84 Pa. Super. 514 | Pa. Super. Ct. | 1924
Argued December 3, 1924. By virtue of section 8 of the Act of May 31, 1911, P.L. 468, (Sproul Act), as amended by Act of April 6, 1921, P.L. 107, the state highway commissioner undertook to change the lines and location of a public road or street in the Borough of Orwigsburg, in the improvement of State Highway Route No. 141; and in doing so diverted the roadway from in front of the house of Charles Fetherholf to some distance in the rear, and appropriated about two acres of his land. On Fetherholf's application, viewers were appointed under the 16th section of the Act of 1911, as amended by the Act of 1921, aforesaid, to determine the damages which he had sustained.
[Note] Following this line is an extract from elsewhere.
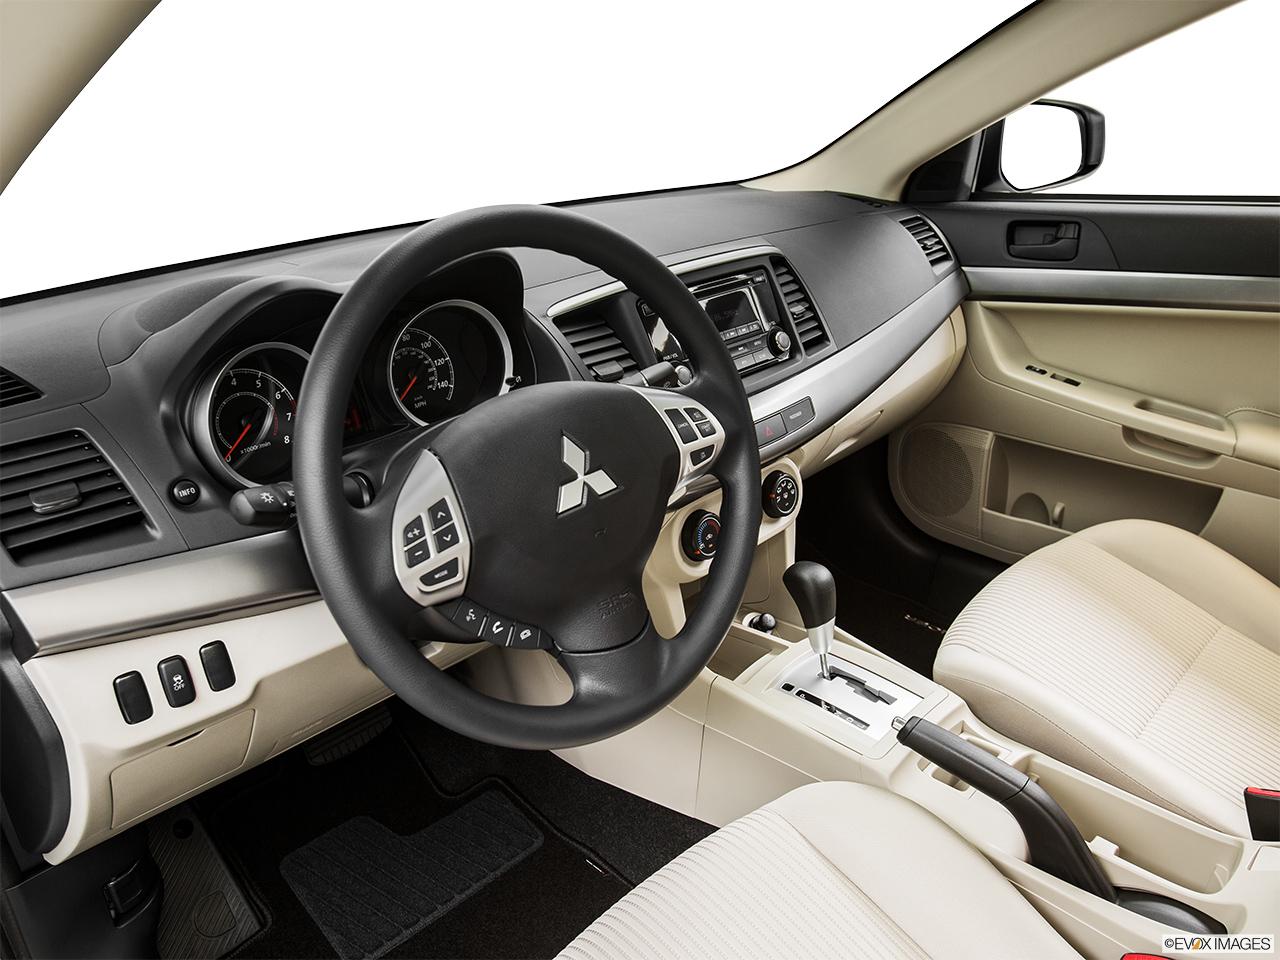 100 2015 Mitsubishi Outlander Interior 2011 Mitsubishi Outlander Sport Specs And Photos

They awarded him damages to be paid by the County of Schuylkill. The county filed exceptions denying any liability. The court of quarter sessions dismissed the exceptions and the county took this appeal.
The Sproul Act, which created our present system of state highways, made a clear distinction between county and township roads forming part of state highway routes therein designated, on the one hand, and roads or streets in cities and boroughs, along said routes, on the other. The former were ordered to be taken over by the state highway commissioner, as directed by the act, and pursuant to such action became state highways, under the *517
exclusive authority and jurisdiction of the State Highway Department, thereafter to be constructed, improved and maintained by said department at the expense of the Commonwealth; the latter were not, but remained subject to the authority and jurisdiction of their respective municipal authorities, and except as hereinafter referred to, were to be constructed, improved and maintained as theretofore: Dougherty v. Black,
But the surest evidence of such distinction is found in section 10 of the act, the first clause of which reads: "Anything herein contained, or any apportionment of the State into highway districts, shall not be construed as including or in any manner interfering with the roads, streets, and highways in any of the cities, boroughs or incorporated towns of the Commonwealth."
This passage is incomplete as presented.